La notizia non è certo di poco conto. Prima di lasciare l’ambasciata cinese nella capitale statunitense, Qin Gang ha ritenuto opportuno congedarsi dagli americani con un editoriale sul “Washington Post”, nel quale ha citato una frase piuttosto sibillina del poeta T.S. Eliot: “La fine è il punto da cui partiamo”.
Naturalmente sono subito fioccate le interpretazioni che, come sempre accade in questi casi, divergono tra loro. La più accreditata è che, con questa nomina, Xi Jinping, uscito trionfatore dal XX congresso del Partito, abbia voluto lanciare un segnale di distensione a Biden e al mondo politico Usa in genere.

Un uomo di Xi Jinping

Si noti innanzitutto che il nuovo ministro non avrebbe potuto ottenere la nomina se non fosse vicino al segretario, che ormai controlla totalmente il Politburo e tutti gli organi decisionali del Partito/Stato. In secondo luogo, sembra ovvio che Xi, con questa mossa, abbia voluto dire agli americani – e all’intero Occidente – che la Repubblica Popolare intende migliorare i rapporti, soprattutto economici, con i Paesi occidentali.

Disastro putiniano e Covid

I dirigenti cinesi stanno assistendo con un misto di ira e di frustrazione al disastro putiniano in Ucraina, e cercano ora di migliorare i rapporti con le nazioni occidentali che da sempre rappresentano il loro miglior partner economico e commerciale. Il cosiddetto patto di “amicizia senza limiti” con Putin ha messo a serio rischio le relazioni della Repubblica Popolare con Usa e Ue.
Se rammentiamo anche gli enormi danni provocati dalla pandemia e dalla politica del “Covid zero”, alla quale Xi ha rinunciato, con una vera e propria giravolta, solo il mese scorso, è evidente che la Cina ha urgente bisogno di far ripartire un’economia che ora è in affanno.
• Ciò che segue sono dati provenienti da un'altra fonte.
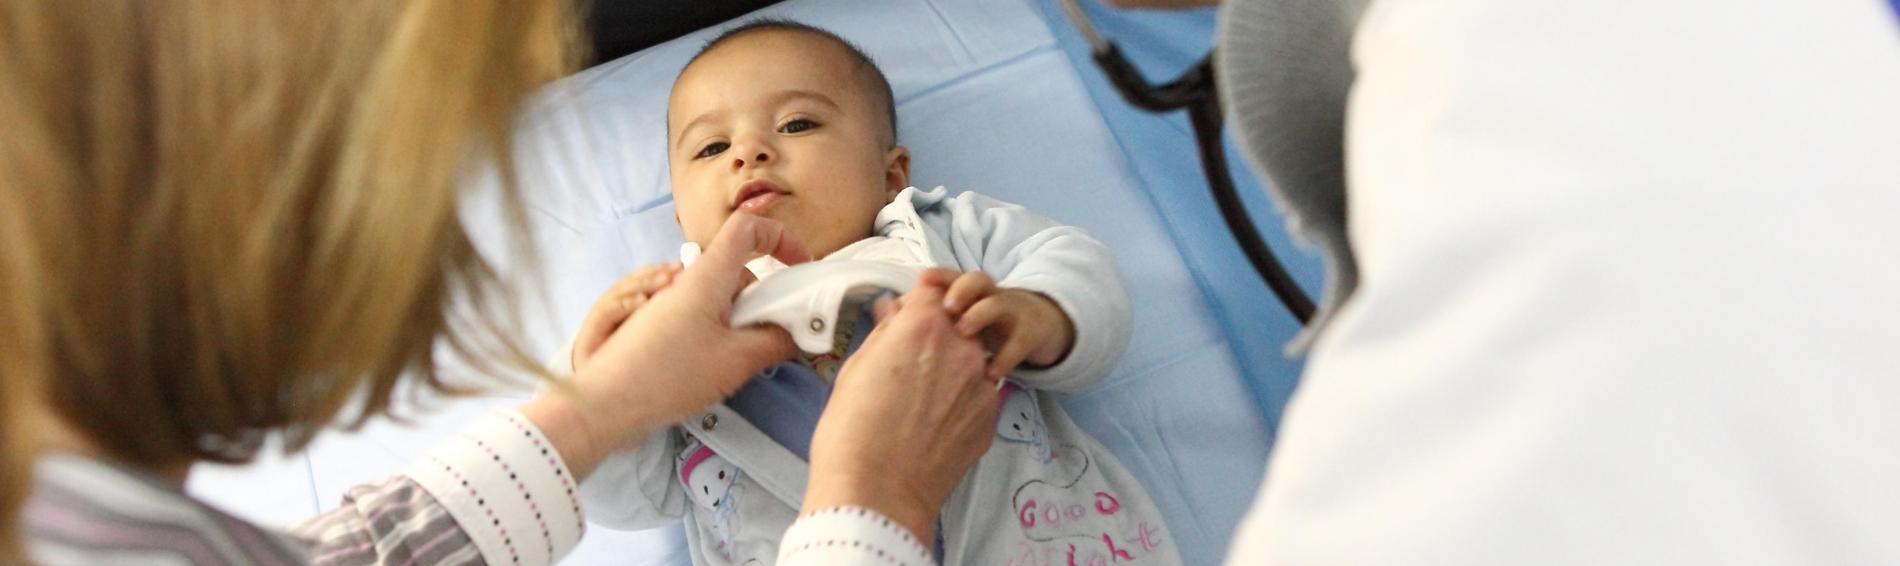 Een dokter met een witte jas waarop ons logo staat onderzoekt met zijn stethoscoop een baby die recht in de lens kijkt terwijl de mama haar kind tracht te kalmeren.

Ripresa cinese via Usa ed Europa

Per ottenere tale risultato la Russia di Putin serve a poco, considerata la modestia dei reciproci scambi economici e commerciali. Servono, invece, gli Stati Uniti e i principali Paesi dell’Unione Europea, Italia inclusa, che hanno con Pechino forti legami nel settore dell’import/export.

In questo senso, avere un ministro degli Esteri che conosce bene Washington e le principali capitali occidentali serve molto, a Xi e al nuovo gruppo dirigente che lo circonda, per far ripartire il Paese. Senza scordare che, nella nomenklatura cinese, il ministro degli Esteri occupa una posizione di primissimo piano, come già avveniva con Zhou Enlai ai tempi di Mao.